Java TreeSet with length Comparator bug?

Georgios F. :

I have the below code which creates a TreeSet using a comparator based on string length.

public class TreeSetComparator {
    public static void main(String[] args) {
        SortedSet<String> sortedSet = new TreeSet<>(Comparator.comparing(String::length));
        sortedSet.addAll(Arrays.asList("aa", "bb", "aa"));
        System.out.println(sortedSet);
    }
}

To my surprise the output of the above is

[aa]

While I would expect

[aa, bb]

or

[bb, aa]

The "bb" part disappears, which seems to be contrary to the SortedSet contract. The comparator is supposed to only sort the elements and not determine their uniqueness, which is normally determined by equals.

On the other hand, if I enhance the comparator to always return non-zero for unequal items like below, only then do I get the correct results.

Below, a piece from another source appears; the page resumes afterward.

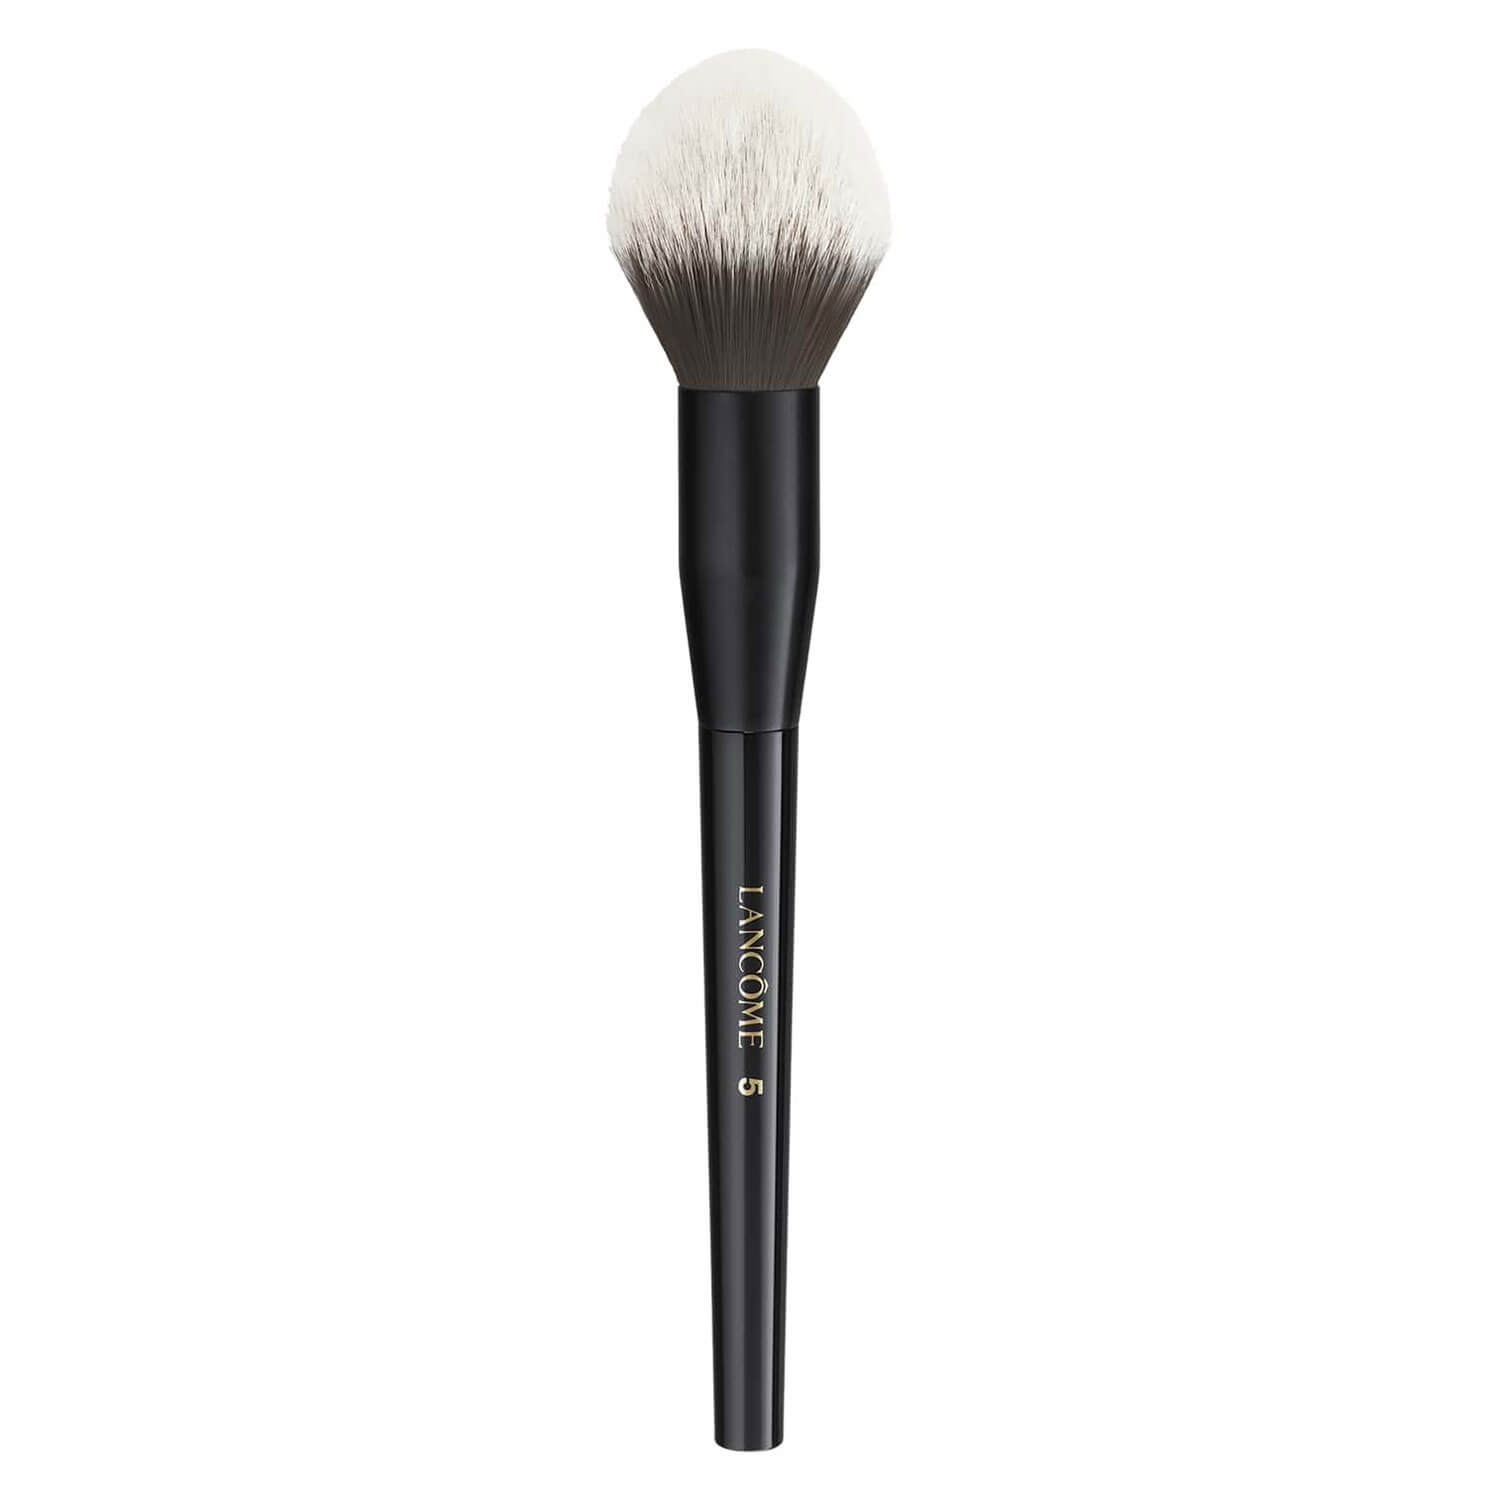 Produktbild von Lancôme Tools - Lush Full Face Powder Brush 05

    SortedSet<String> sortedSet = new TreeSet<>(Comparator.comparing(String::length).reversed().thenComparing(String::toString));
    sortedSet.addAll(Arrays.asList("aa", "bb", "aa"));
    System.out.println(sortedSet);

The output now is [aa, bb] as I would expect.

Is the above a bug in the TreeSet implementation?

My environment is as follows:

mvn --version                                                                                                                                            21:40:22
Apache Maven 3.5.4 (1edded0938998edf8bf061f1ceb3cfdeccf443fe; 2018-06-17T19:33:14+01:00)
Maven home: /home/aaaa/.sdkman/candidates/maven/current
Java version: 10.0.2, vendor: Oracle Corporation, runtime: /usr/lib/jvm/java-10-jdk
Default locale: en_GB, platform encoding: UTF-8
OS name: "linux", version: "4.14.60-1-manjaro", arch: "amd64", family: "unix"

UPDATE

Here is a related post along with suggestions on how to fix the issue in a future version of Java: https://yesday.github.io/blog/2018/java-gotchas-sorted-set-ignores-the-equals-method.html

Marvin :

This it not a bug. At least not in TreeSet.

From the javadoc, emphasis by me:

Note that the ordering maintained by a set (whether or not an explicit comparator is provided) must be consistent with equals if it is to correctly implement the Set interface. (See Comparable or Comparator for a precise definition of consistent with equals.) This is so because the Set interface is defined in terms of the equals operation, but a TreeSet instance performs all element comparisons using its compareTo (or compare) method, so two elements that are deemed equal by this method are, from the standpoint of the set, equal. The behavior of a set is well-defined even if its ordering is inconsistent with equals; it just fails to obey the general contract of the Set interface.

So because "aa" and "bb" both have a length of 2 they are deemed equal by compareTo and thus by the TreeSet.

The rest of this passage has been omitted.